## PROBLEM STATEMENT
The answer is the data below, repeated exactly, with no pictures included.

## COLLECTED DATA
»»

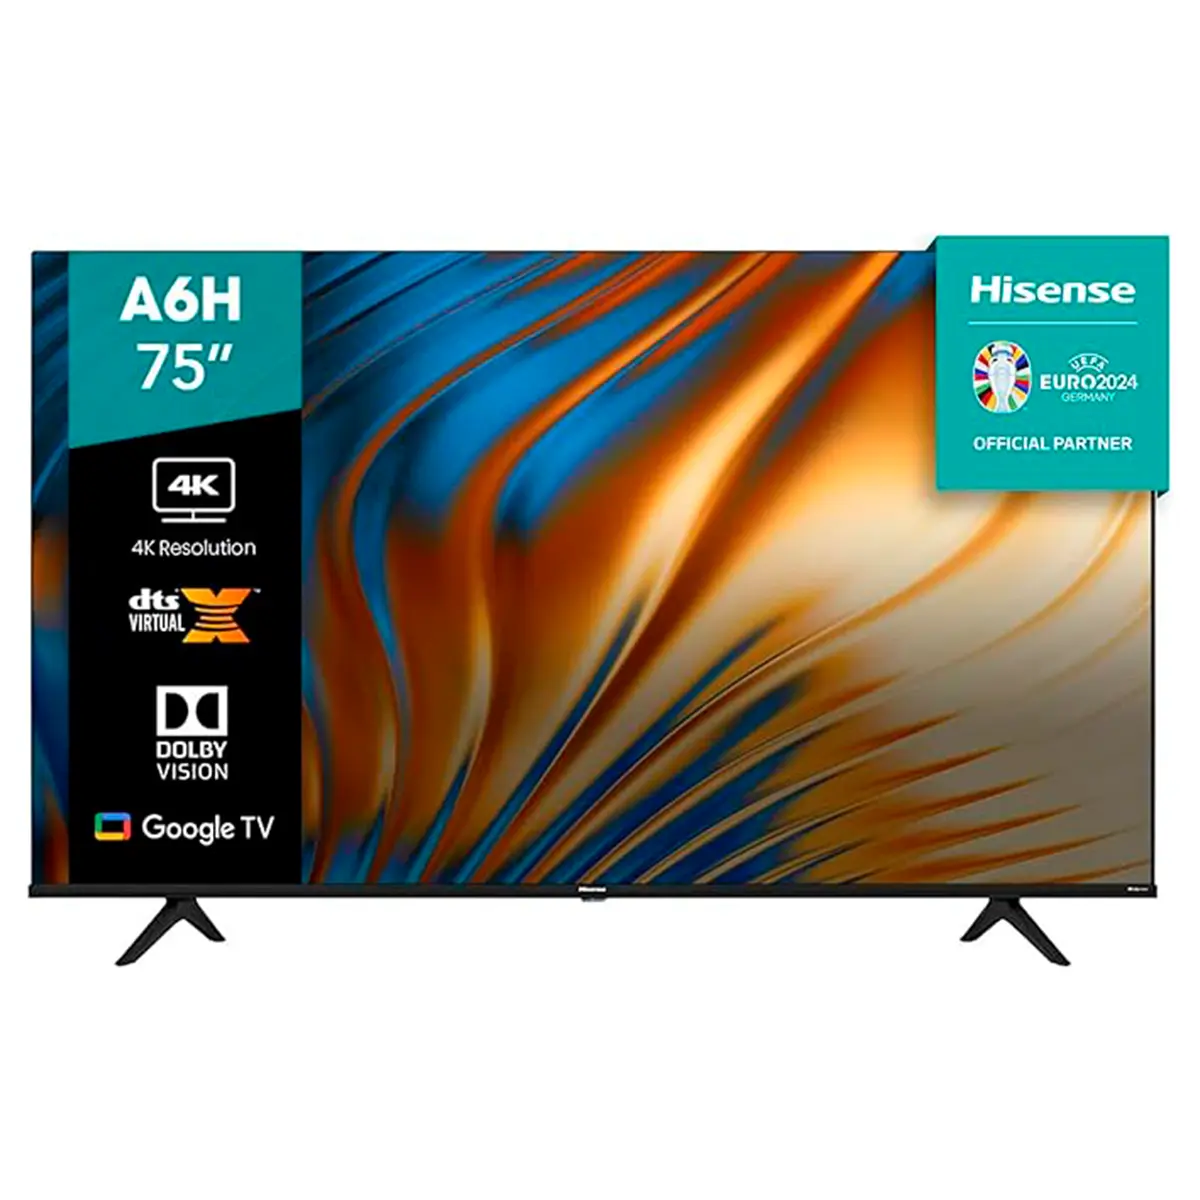 TV Hisense Pantalla 75" 4K Smart TV LED 75A6H Google TV
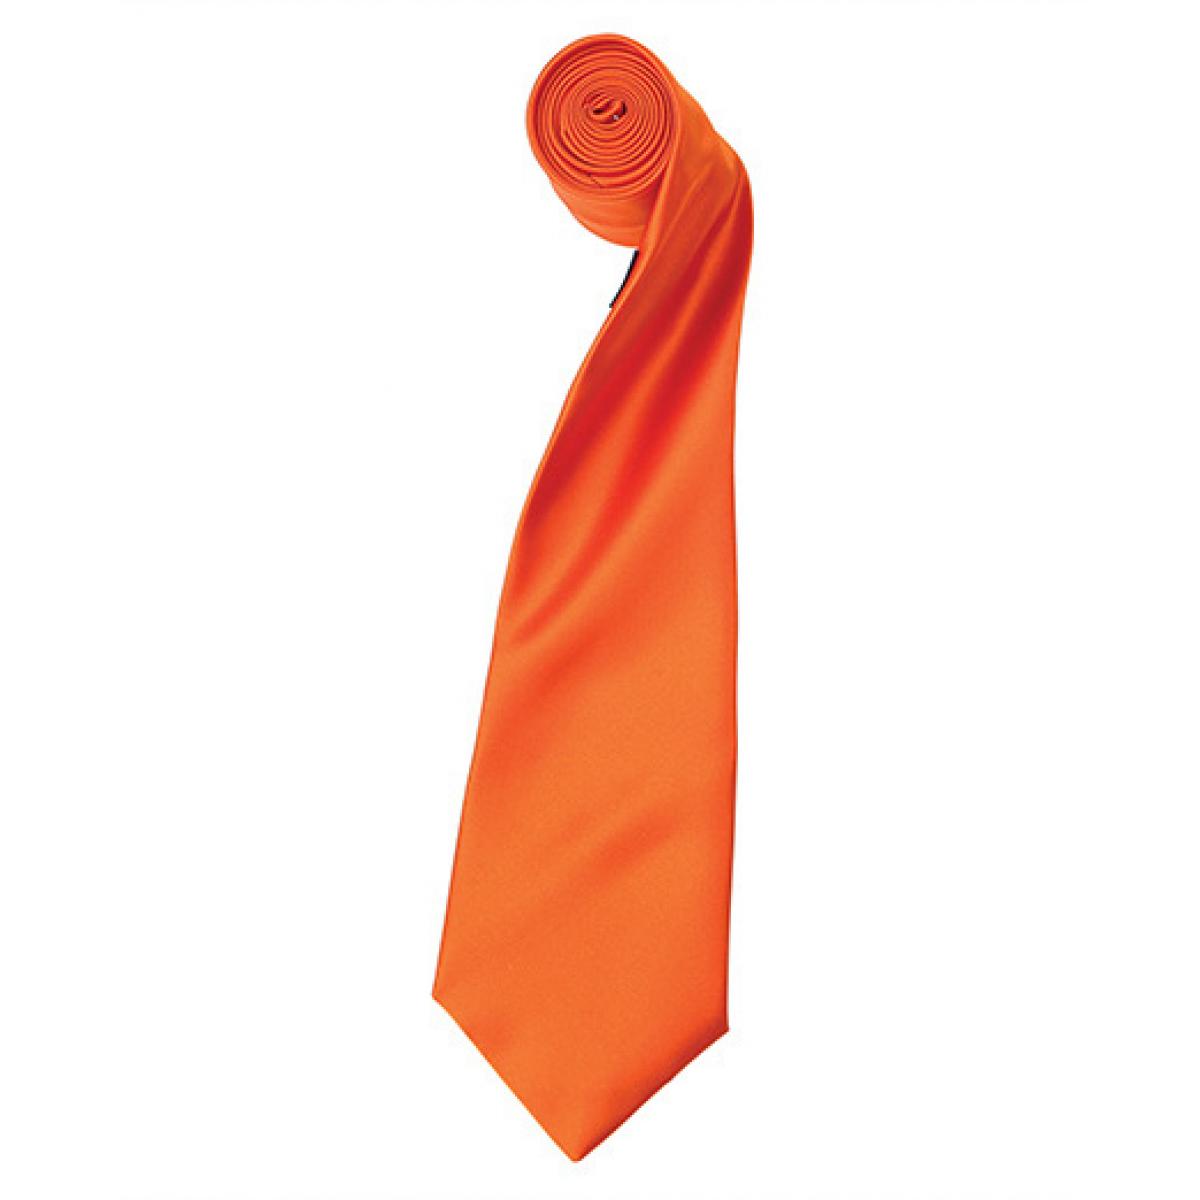 Hersteller: Premier Workwear Herstellernummer: PR750 Artikelbezeichnung: Satin Tie ´Colours´ / 144 x 8,5 cm Farbe: Terracotta (ca. Pantone 159)
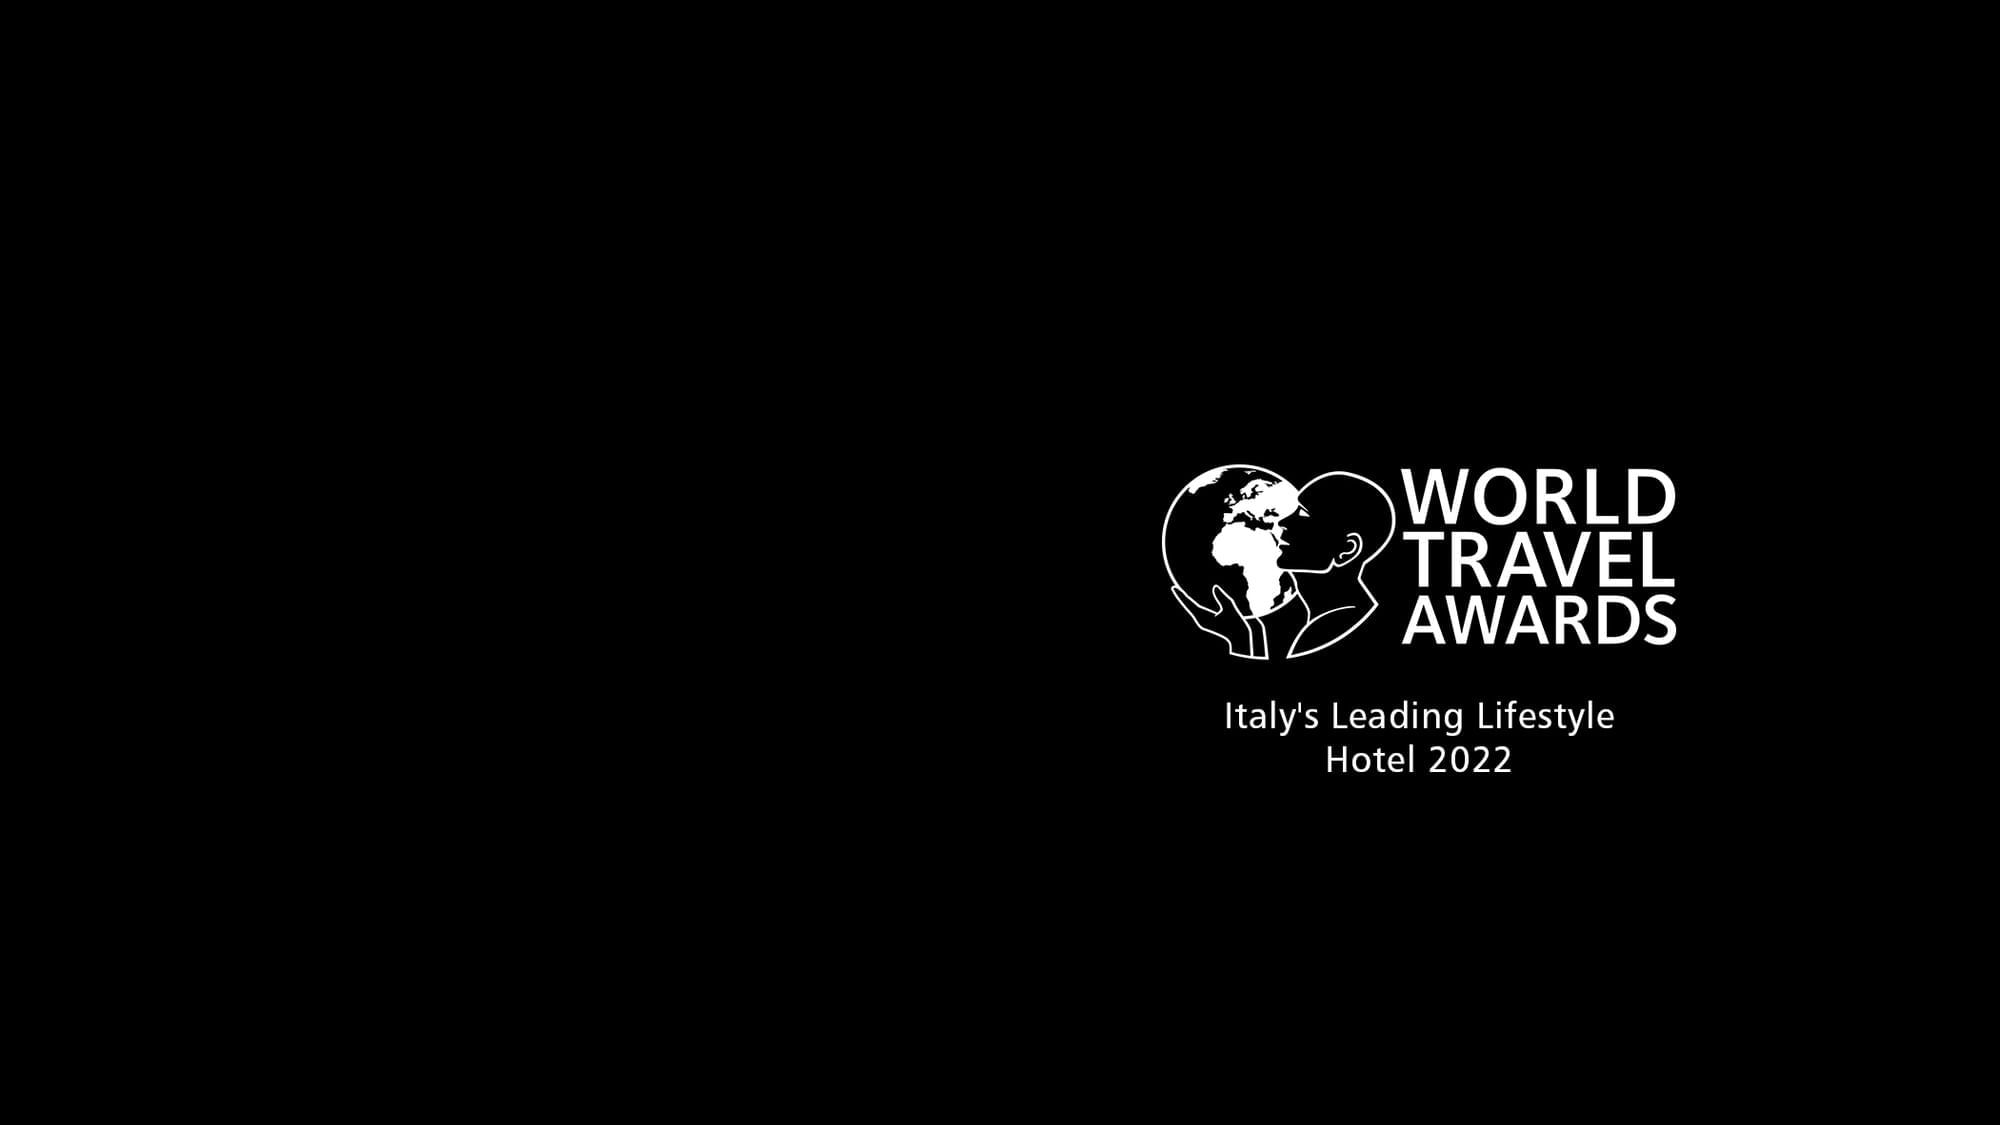 World Travel Awards: Italy’s Leading Lifestyle Hotel 2022

««

## SOLUTION
 TV Hisense Pantalla 75" 4K Smart TV LED 75A6H Google TV
 Hersteller: Premier Workwear Herstellernummer: PR750 Artikelbezeichnung: Satin Tie ´Colours´ / 144 x 8,5 cm Farbe: Terracotta (ca. Pantone 159)
 World Travel Awards: Italy’s Leading Lifestyle Hotel 2022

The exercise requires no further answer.